The base expression that returns every JSON-LD block on a page:

//script[@type='application/ld+json']

Most pages have one block. Some have several — a WebPage type injected by the CMS, a Product type from the e-commerce platform, a BreadcrumbList from a plugin. Target a specific block by position:

//script[@type='application/ld+json'][1]

//script[@type='application/ld+json'][2]

Position-based extraction is fragile. If a plugin adds or removes a block, the indices shift and your extraction pulls the wrong data. For sites using @graph architecture — where multiple entities live inside a single <script> block rather than separate blocks — position targeting is irrelevant because there’s only one block.

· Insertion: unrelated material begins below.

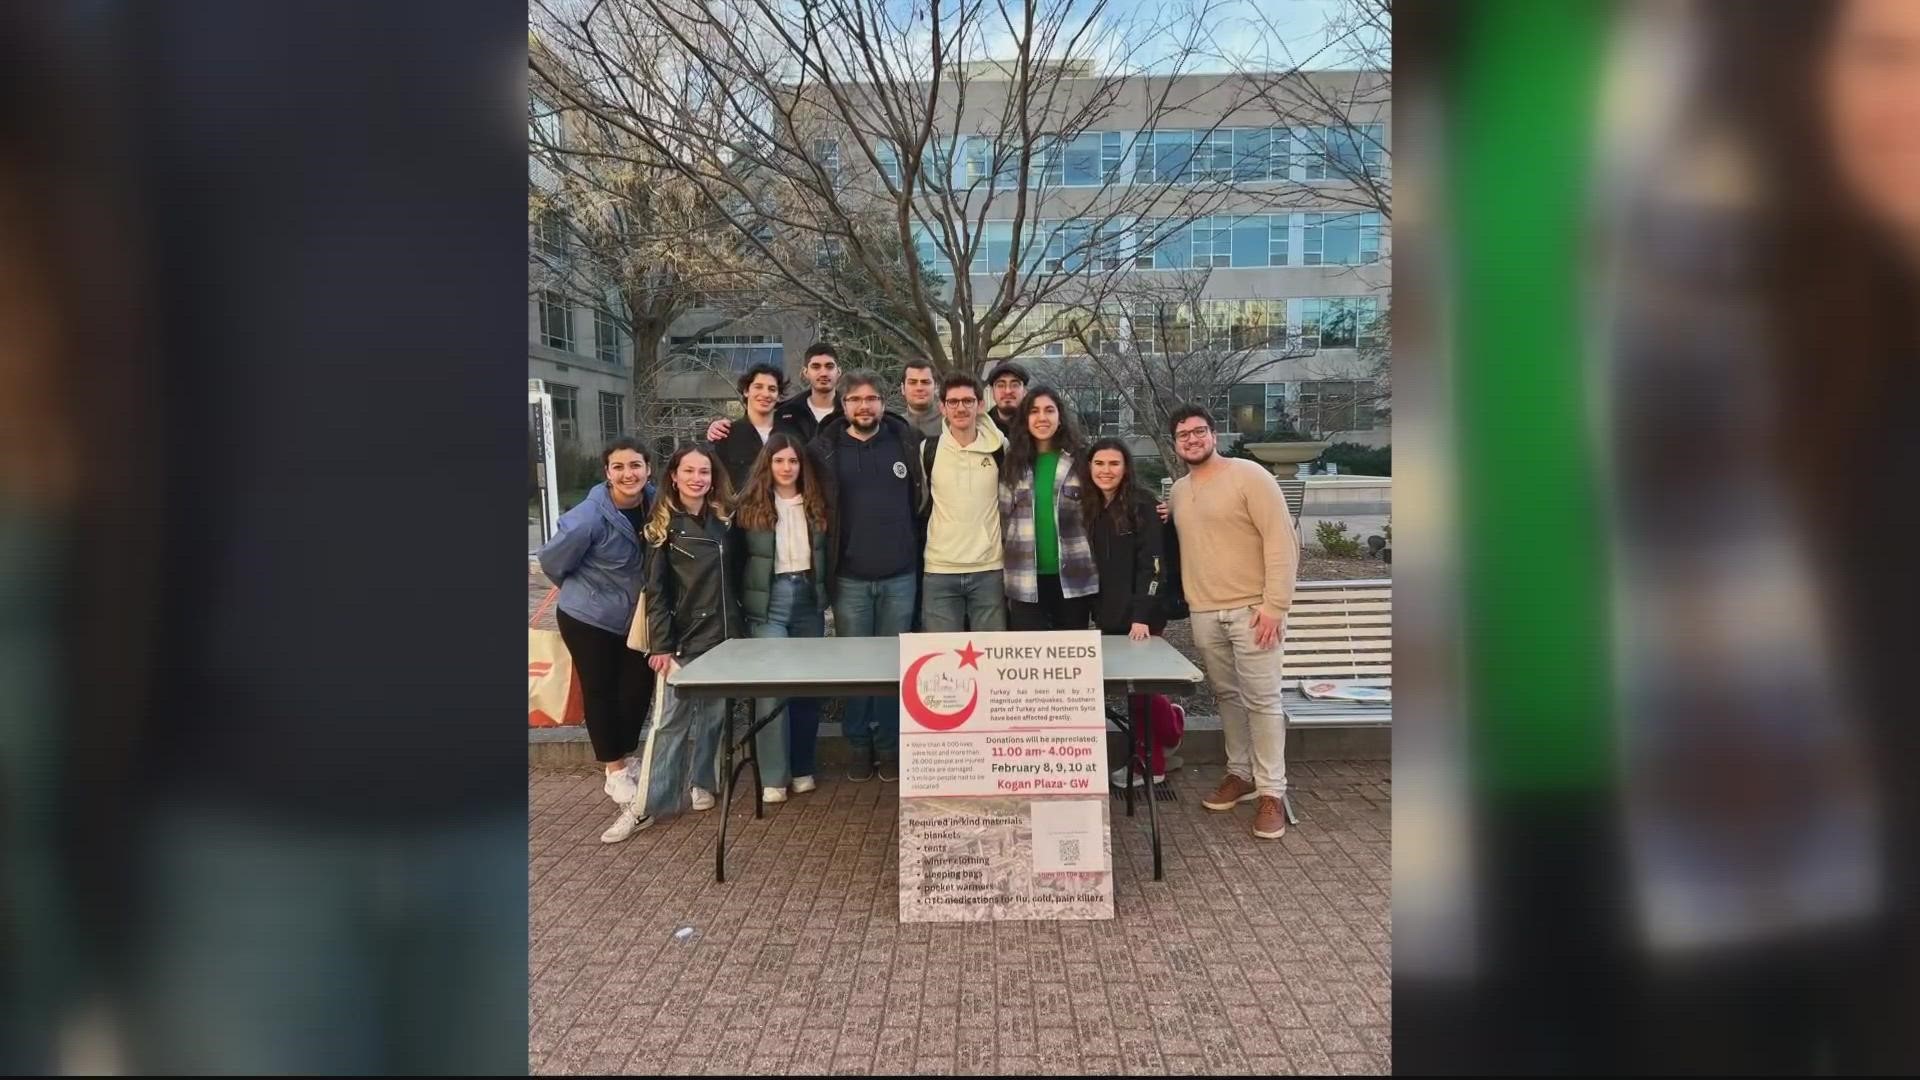 It's been one week since major earthquakes devasted Turkey and Syria. Turkish student groups in D.C. have been collecting supplies to send overseas to help.

The JSON-LD tutorial covers @graph architecture and @id referencing patterns.

One additional edge case: if the JSON inside the <script> tag is malformed — unclosed brackets, trailing commas, invalid escaping — the XPath still returns the raw string, but Screaming Frog’s structured data parser may fail to detect the schema type. You’ll see the block in Custom Extraction output but nothing in the Structured Data tab. When those two disagree, check the raw JSON for syntax errors.

Set the extraction to “Extract Text” rather than “Extract HTML” unless you need the raw <script> tag wrapper. Text extraction gives you the JSON string directly, which is what you’ll feed into Regex or a JSON parser.

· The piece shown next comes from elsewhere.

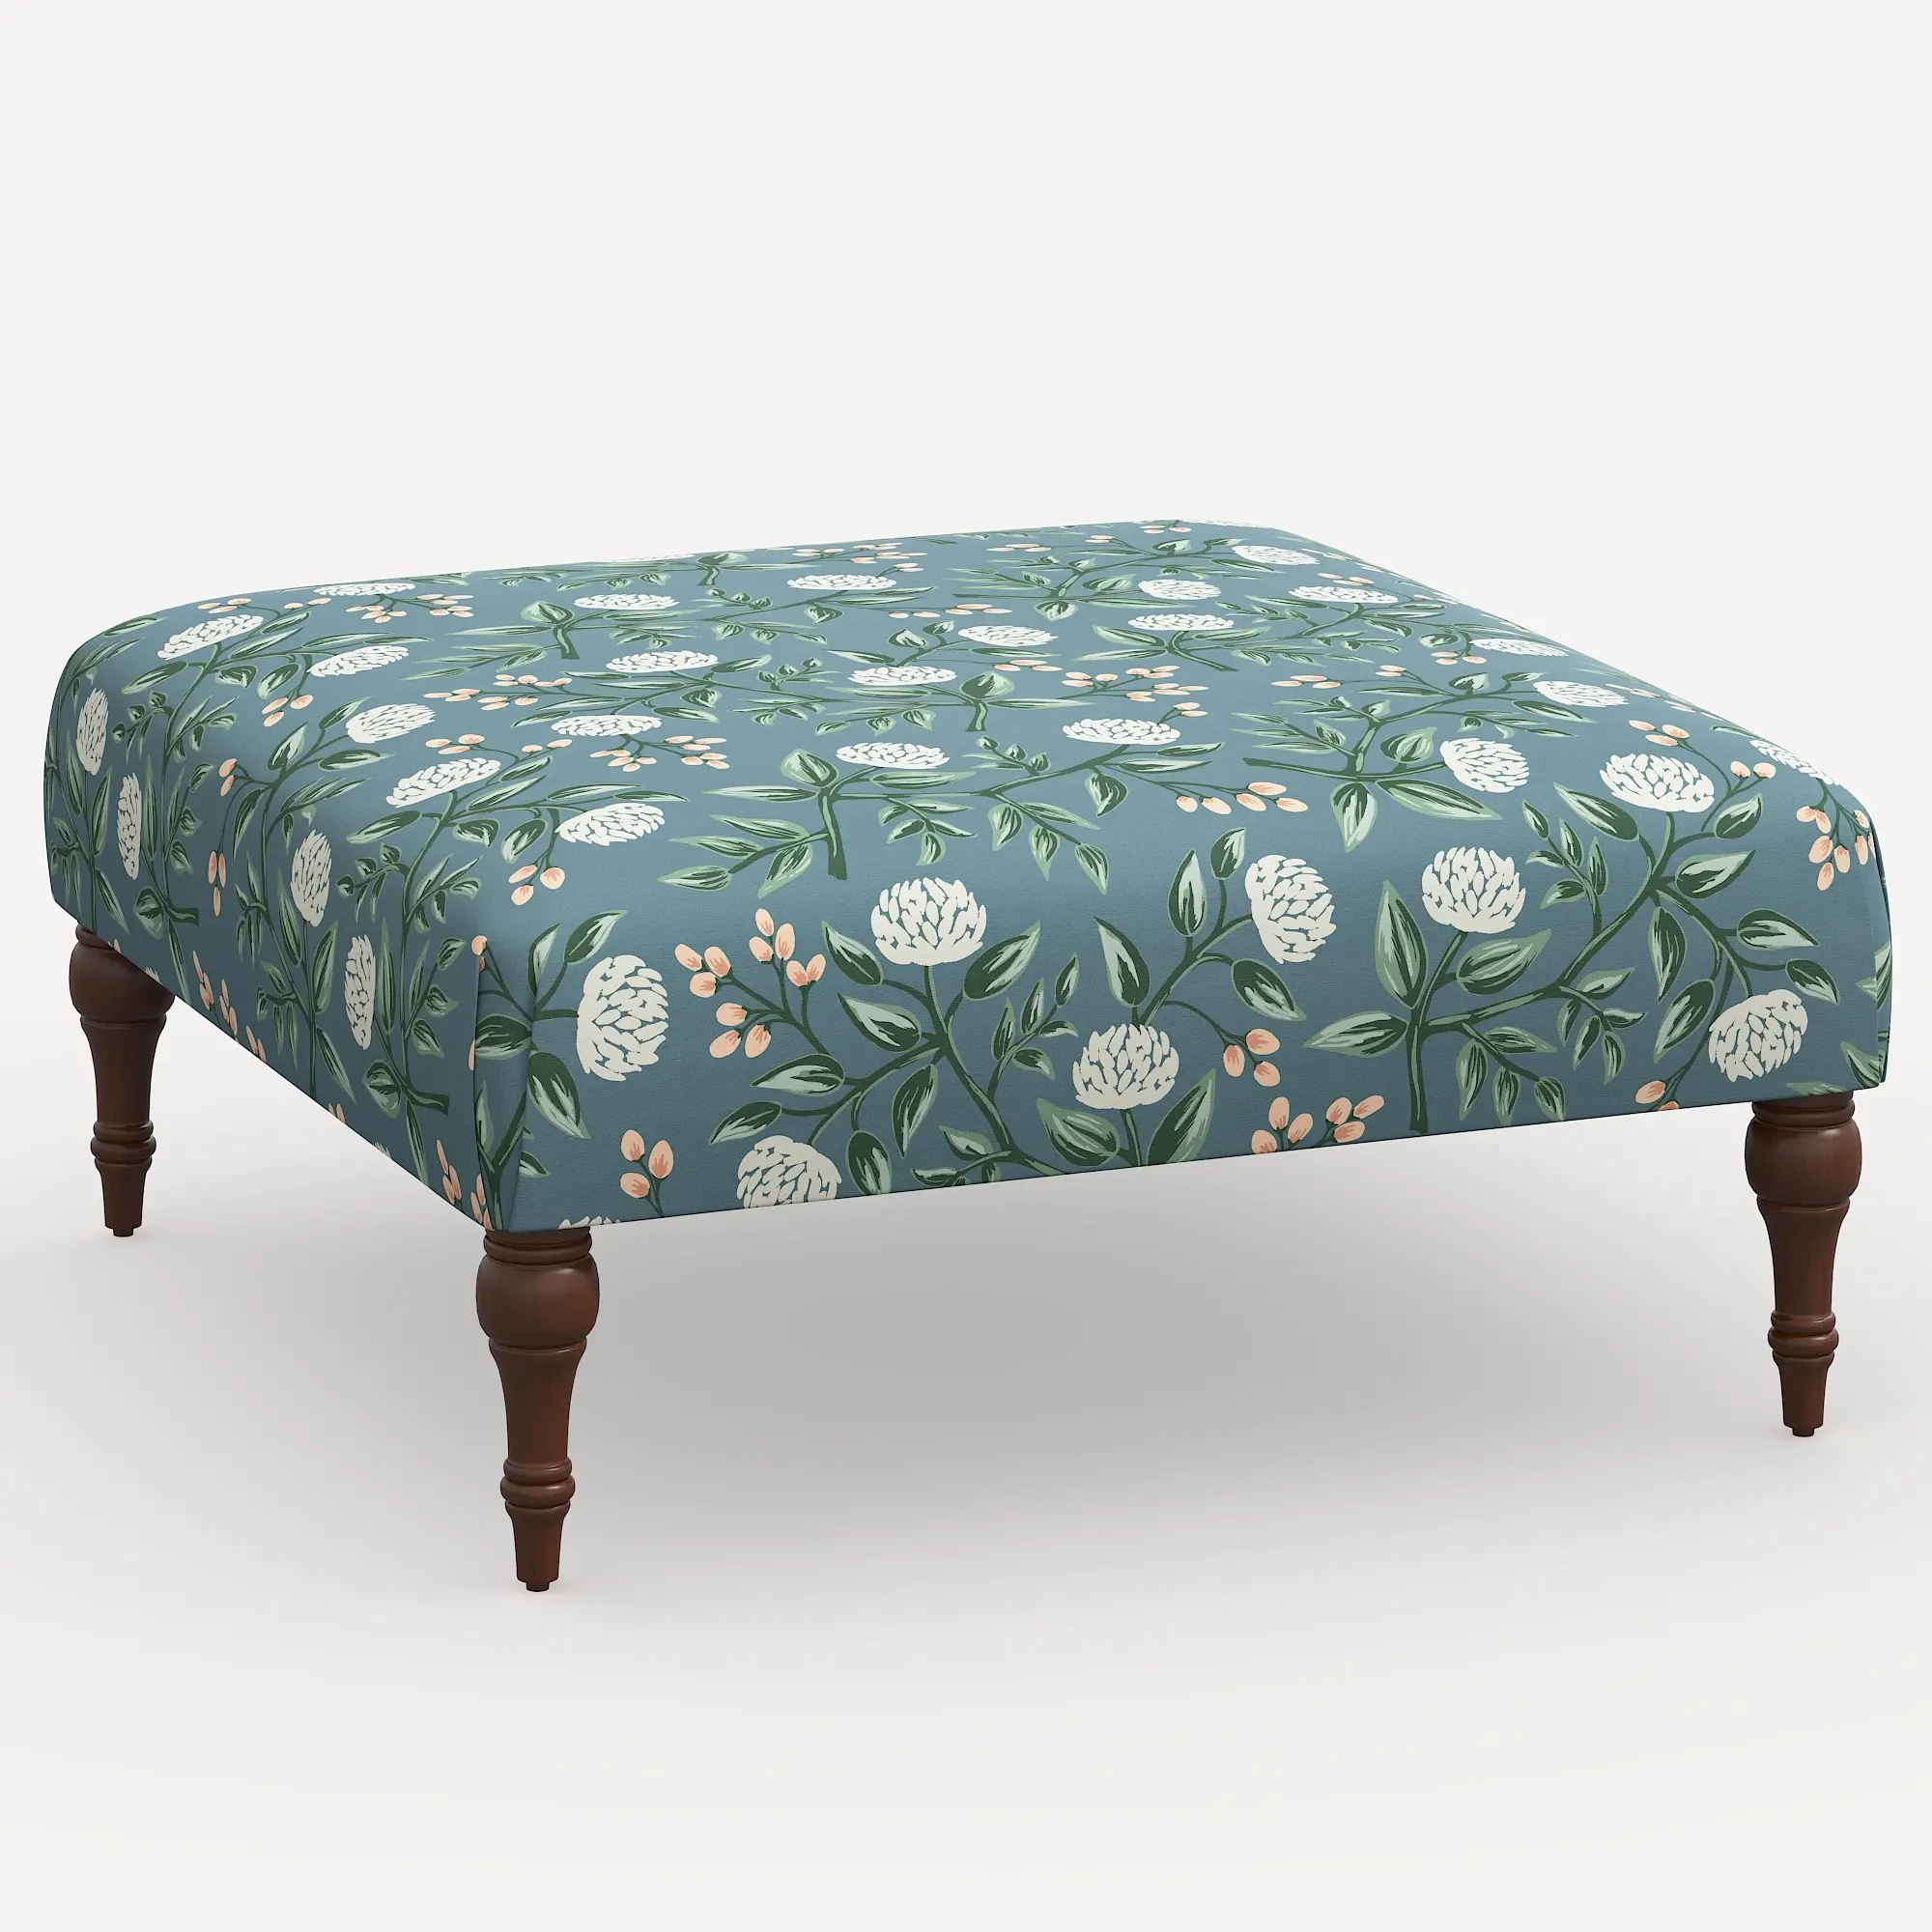 Rifle Paper Co. Greenwich Emerald Peonies Ottoman with Espresso Legs

Regex Patterns for JSON-LD Value Extraction

Set the extraction type to “Regex” when you need a specific property value, not the entire block. Screaming Frog returns the first capture group — the part inside the parentheses.

Working patterns for screaming frog json-ld extraction regex. Copy these directly into the Regex field:

Extract @type:

"@type"\s*:\s*"([^"]+)"

Extract @id:

"@id"\s*:\s*"([^"]+)"

Extract a single sameAs URL:

"sameAs"\s*:\s*"(https?://[^"]+)"

Extract ratingValue from an aggregateRating:

"ratingValue"\s*:\s*"?([0-9.]+)"?

The "? on each side handles both quoted strings ("4.5") and raw numbers (4.5). Schema.org accepts either format, and CMS output varies — Rank Math quotes the value, WooCommerce often doesn’t.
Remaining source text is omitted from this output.